In the provinces and territories where there is no AJEF (Newfoundland and Labrador, Prince Edward Island, Yukon, Northwest Territories and Nunavut), lawyers in private practice were identified through information provided by resource people at the Department of Justice and outside consultants. For Quebec, the Quebec Community Groups Network assisted us in identifying lawyers, from a list of the members of the Barreau du Québec. That list had been drawn up specifically for the study, based on the first language of the members on the Tableau of the Ordre du Barreau du Québec.

Because the response rate for the electronic survey was generally low in all jurisdictions, we supplemented the data collection done by survey with telephone interviews in all provinces with the exception of New Brunswick.

The overall response rate to the survey was 24% for jurisdictions outside Quebec and 12% for Quebec.

Consultations with Other Actors in the Justice System 

In addition to lawyers in private practice, representatives of the provincial ministries, judges, prosecutors, court officers and AJEF representatives were invited to respond by telephone interview or questionnaire. Those data collection instruments dealt with the supply of and demand for judicial and legal services in the minority official language, barriers to access to the justice system in the minority official language, possible solutions and initiatives that could improve the situation in respect of access to justice in both official languages.

Because the number of respondents per category was limited in each province and territory, we did not identify respondents by category, in order to preserve their anonymity and the confidentiality of their responses.

We organized two focus groups comprised of legal professionals working in various jurisdictions. That approach enabled us to explore certain key issues and questions in greater depth. Two groups were involved: 11 legal professionals who practise in French in provinces that are majority English-speaking, who discussed the delivery of judicial and legal services in French, and four legal professionals who practise in English in Quebec, who discussed the delivery of judicial and legal services in English in that province.

Final Report

The final report sets out the analysis of the information collected using the methods described here.

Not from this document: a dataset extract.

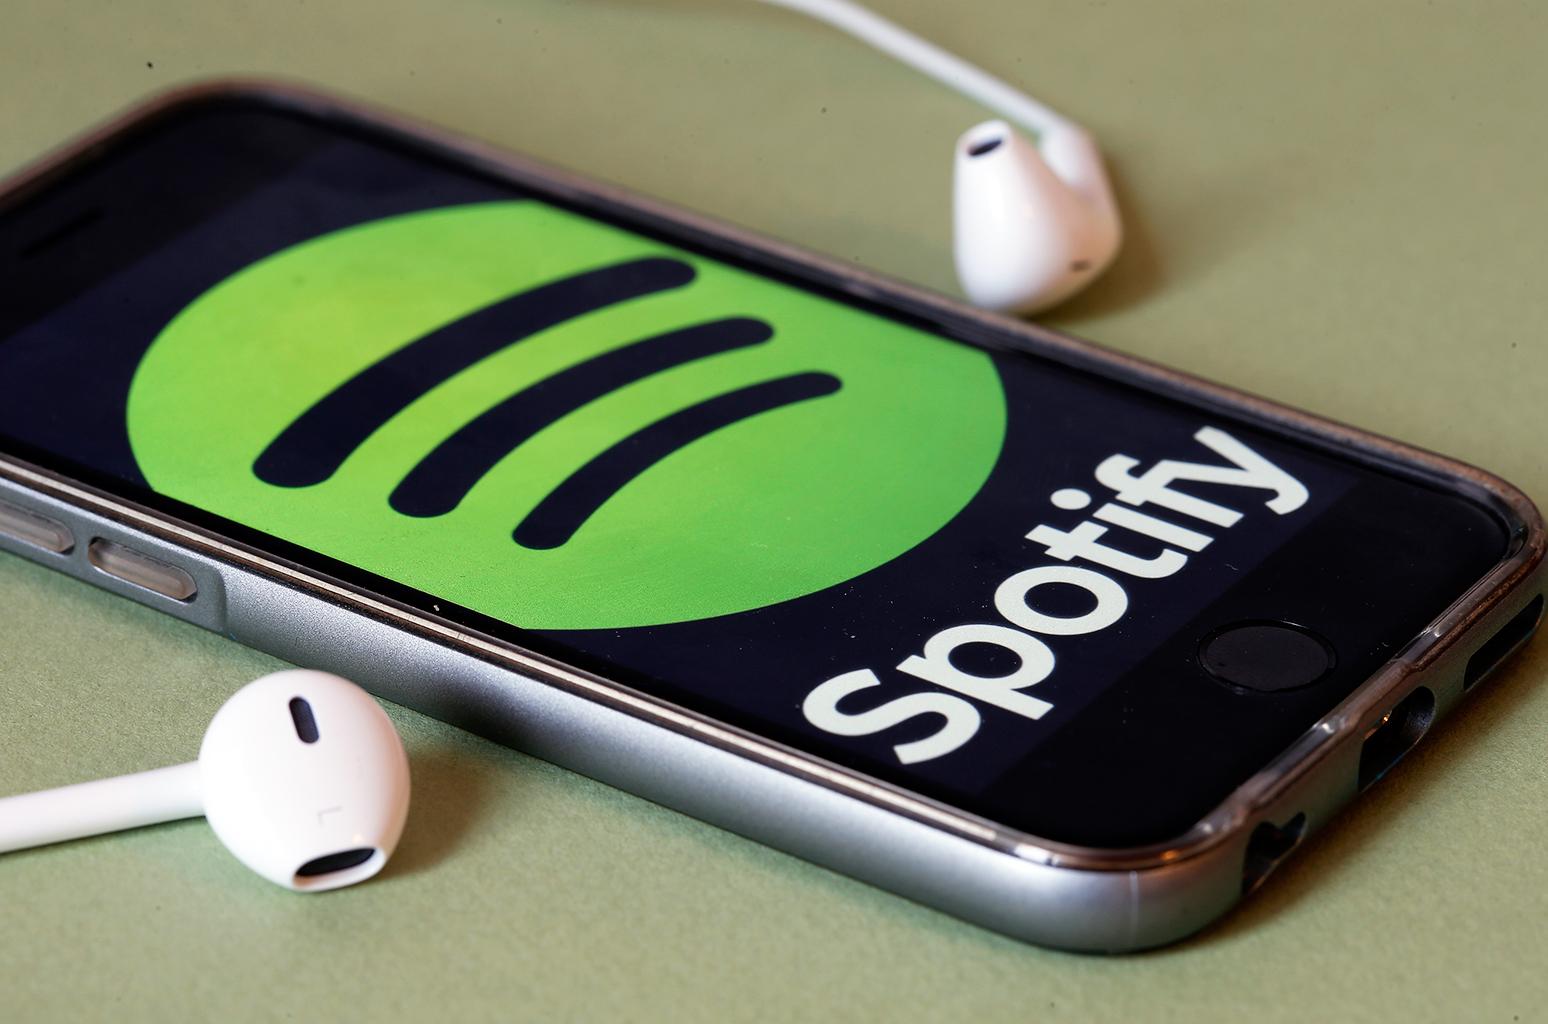 Twórcy niezależni mogą sami publikować utwory na Spotify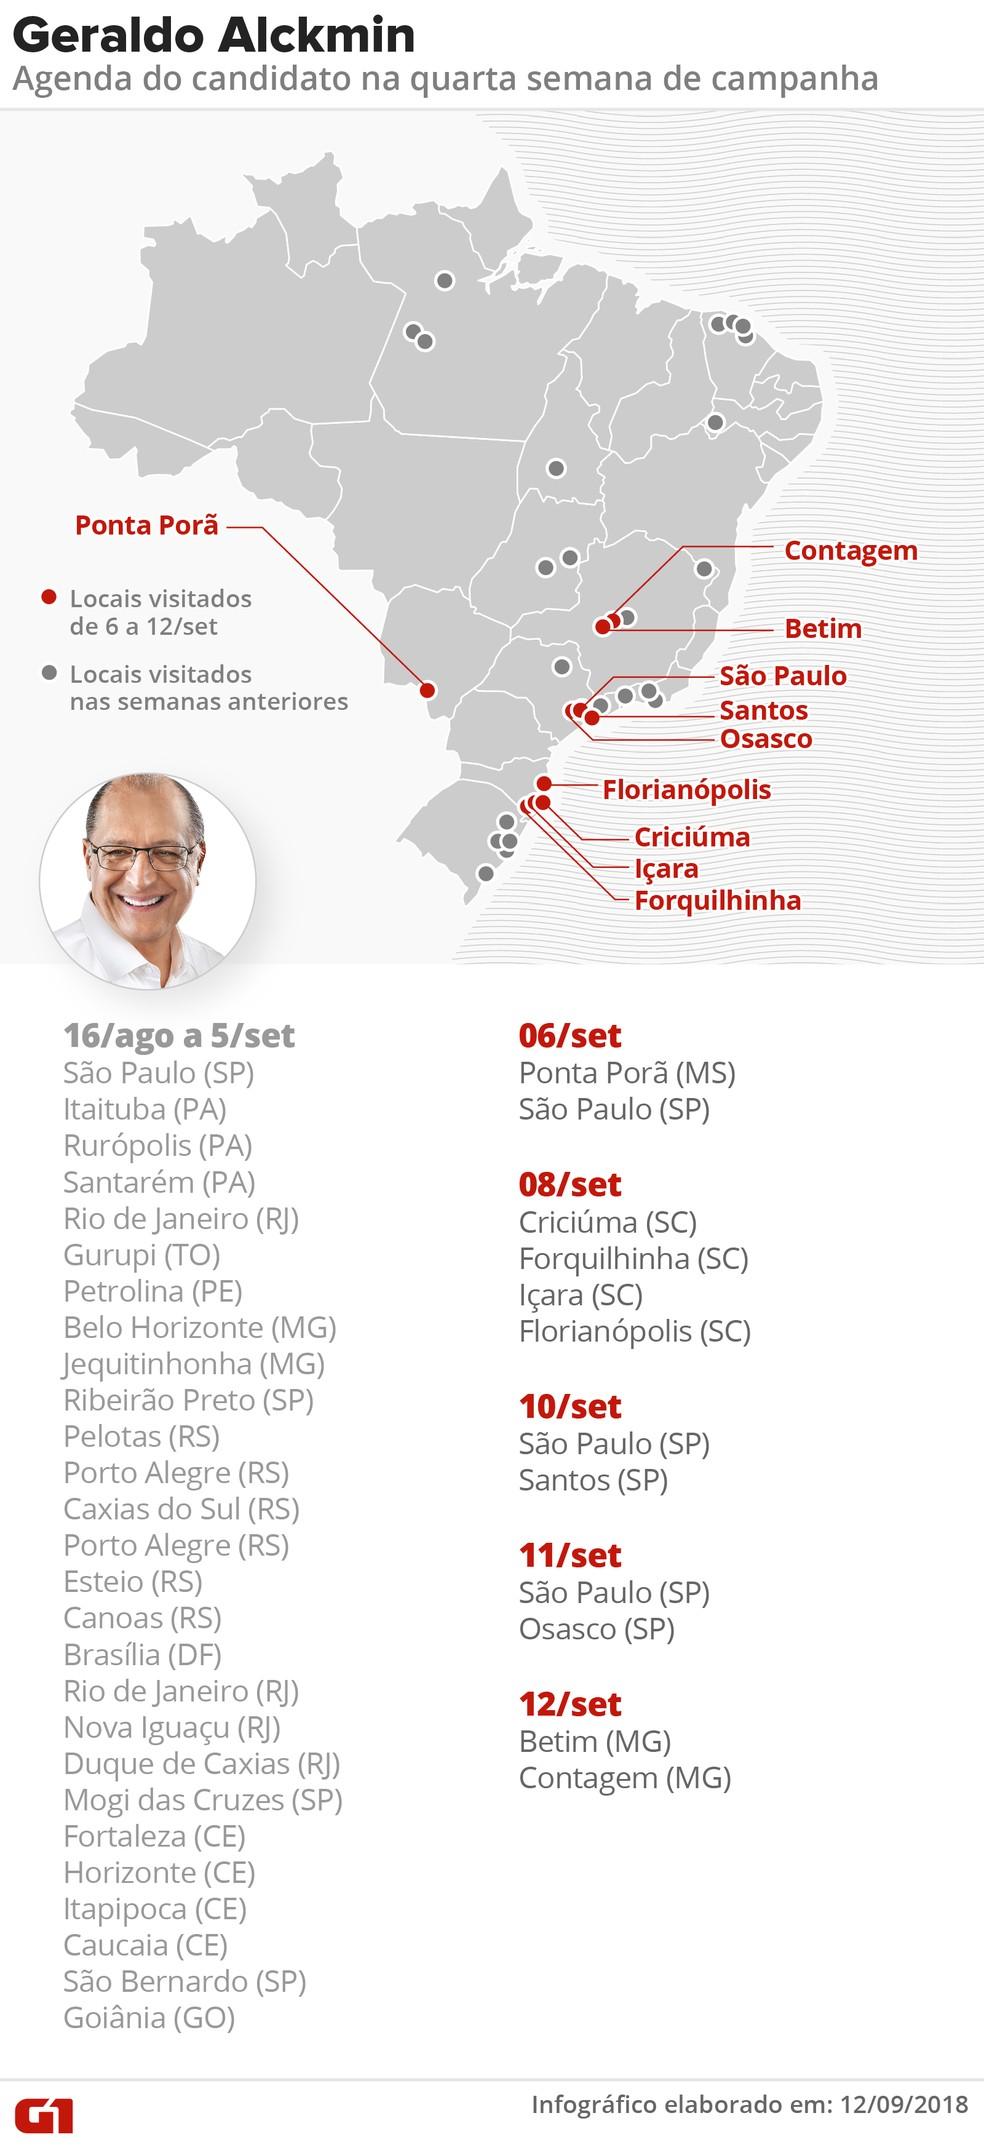 Agendas do candidato Geraldo Alckmin (PSDB) na 4ª semana de campanha presidencial — Foto: Roberta Jaworski/G1

It is broken down by jurisdiction, and presents a profile of each of the ten provinces and three territories. For each of those jurisdictions, we follow the same analytical format: a description of the structure of the judicial system, a description of the francophone community, a profile of the survey respondents, an overview of the supply of and demand for services in the minority official language, a description of the barriers to access to justice in the minority official language, and the possible solutions proposed.

The quantitative data that we collected using the survey are supported by, or qualified or questioned having regard to, the qualitative data collected through interviews, questionnaires and focus groups. Although the analytical framework is uniform, the scope of the analysis in certain provinces, or in respect of certain items, may vary, particularly as a result of the size of the sample and the quality of the information collected.

We identified four variables as "structuring variables", that is, variables that might have an influence on the question being studied, and from which broad trends may be identified (judicial district, first language, language of work, university attended). However, those four variables are not all of the same relevance, even where numbers were sufficient to draw valid conclusions in those respects. We therefore made use of those variables, as structuring factors, only where the number of respondents permitted and a relatively important deviation appeared to exist.

The report also includes a national summary identifying connections among the various factual situations that exist in Canada, including overall satisfaction with judicial and legal services in the minority language, supply of and demand for those services, the principal barriers to access, possible solutions and exemplary innovative practices.


  • [1] The expression "minority official language" refers to English in Quebec and French in the other provinces and territories.